Hi HipJan,I am having one on Friday to diagnose the type of SOD and to rule out chronic pancreatitis. I have learned a lot about both of these conditions over the last 4 months after I was first diagnosed. I am having the manometry part done to see if I will be a candidate for a sphincterotomy to correct the SOD. There are many, many good publications available online that discusses SOD and chronic pancreatitis and ERCP. There is also a support group in the Yahoo net that is for pancreatitis sufferers and their families. I find this group to be very helpful. Usually, the GI guy will do an ERCP after a MRCP unless he is particularly confident that you have something that can be corrected with the ERCP. If he is still fishing for a diagnosis, he will most likely lean towards a MRCP (this is a MRI that is specific for the biliary tract / pancreas). This will look for calcifications, strictures, stones and dilations. If something is found that can be corrected by ERCP then that may be the next step. If the MRCP is non-diagnostic and the doctor is still convinced that it is pancreatic or biliary problems (like SOD) then he may also do the ERCP after the MRCP. At least this is what I learned in my experience and research of the literature.If you would like to know more, let me know. I have TONS of information about it. (and I am very aprehensive about the procedure as it is fairly risky - usually a last resort before out-right surgery - one study that I read stated that this is more risky than gall bladder removal...see now I am getting myself all anxious again......)Laurie
MDN,The problem is, that ERCP for SOD and pancreatitis is riskier than that for stone detection and extraction. But that being said, you are right, the majority (70 to 80%) of ERCPs, even for SOD and pancreatitis, are usually a piece of cake!Thank you for reminding me of this, I tend to see this in it's worst light as nothing connected with this procedure has gone right for me (my doctor quit, without transferring my care to another, my new doctor that I found on my own, refuses to see me before the procedure and in fact, thinks that I do not need it.........etc). I do not have much confidence in this less than reassuring situation
Hi, MDN.I have read a lot on the Internet - possibly too much - about SOD and ERCPs. I am apprehensive as well. I saw the gastro yesterday, and he is wanting me to give some things more time. In the meantime, I am being put on a new med, for ulcers/reflux (which I also prob. have) and for bile salt absorption. I realize that won't help bile duct spasms due to SOD, but I am hoping I at least will get some relief from other problems. I am pretty fatigued from it all. By the way, I had gb surgery 2-1/2 weeks ago.Good luck - and please let me know how you do.

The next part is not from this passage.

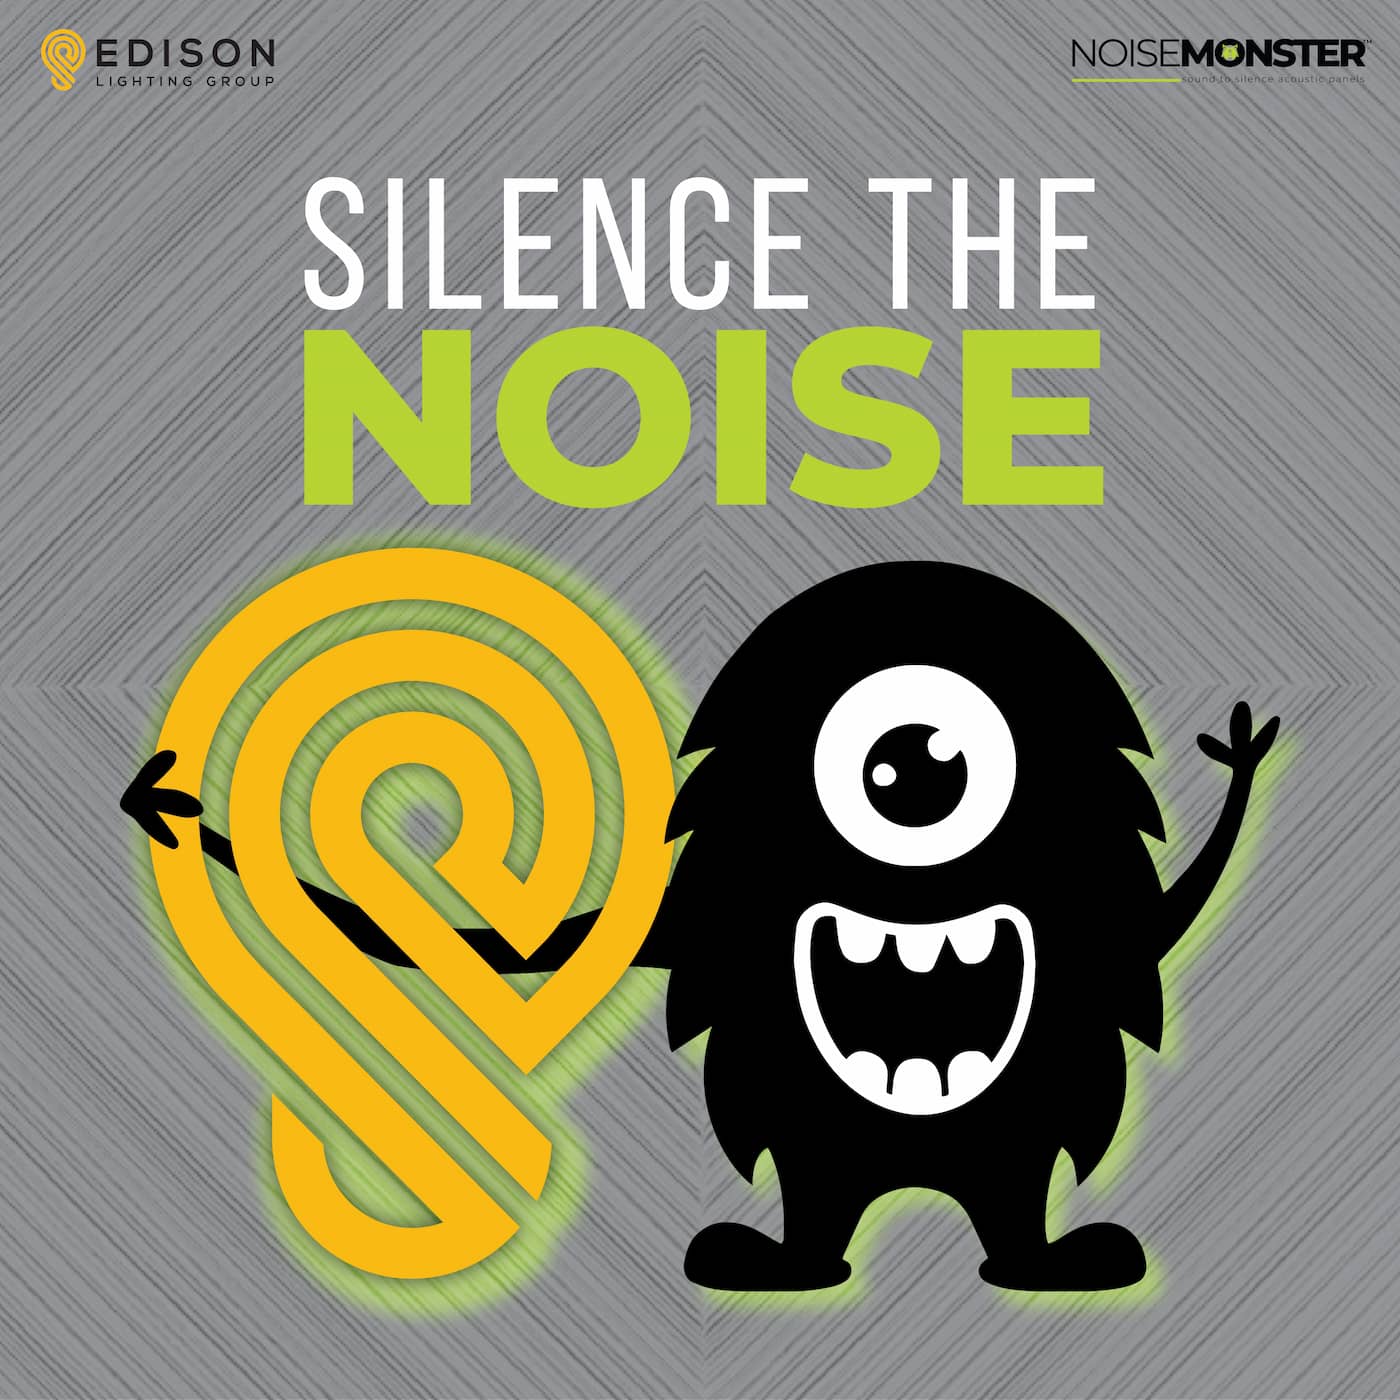 Noise Monster products are here.

Hi HipJan and MDN:Just snuck outta my room to check in. The ERCP went really well up so far. I did have very convincingly high pressures so they perfromed the cut. I am told that this should take care of the colic attacks but they are not sure about the everyday pain and the eating pain. I am being confident about everything being good as the attending said that my sphincter was so spastic that nothing was getting through. That would explain the constant pain, in my mind at least.I am sorry that you are going through this but I am hoping that seeing that your doctor is already considering this possibility with you that he will act soon to correct the SOD. I had to wait three years, and I must say, psychologically I am going to have a hard time learning to eat again. I have become so phobic about it.But after 7 hours, I am still feeling fine! If you have any questions about life with this or the procedures involved in diagnosing and treating SOD, just let me know. I am happy to pass along the information that I have gathered.Laurie
Hi HIpJan,I went home saturday morning - had no complications overnight. But the pain started on the way home and at times has been pretty intense. I am finding that the eating pain is actually a little worse than it was before the ERCP but that my apetite is better (if that makes sense). I am hoping that this increased pain level is just from the swelling from the cut, and that it will go away soon.What I have learned from my buddies on the pancreas board is that SOD may not be "cured" with one ERCP; that sometimes another one is needed to cut the pancreas duct too. I am not sure about what the doctors found specifically with me because I haven't talked to them while lucid. I am hoping to get a copy of the ERCP report by the end of the week so I can learn exactly what they found and figure out what comes next. My understanding is that if the SOD is there along with chronic pancreatitis, that the steady pain will not go away with the cut, only the colicky pain. And that there is a chance that the colic will come back if the sphincter gets scarred again. So it is most likely an ongoing, chronic problem that will need periodic intervention.That is the update: Sore but still optimistic! Laurie
I am very impressed by your optimism! Here's hoping your current pain is just temporary, due to the messing around with the bile duct. Surprisingly, my "bile duct spasms" have gone down in frequency and intensity over the past week. Also, since taking a med for stomach ulcers, the pain in both my stomach and upper back seems to have lessened (not totally).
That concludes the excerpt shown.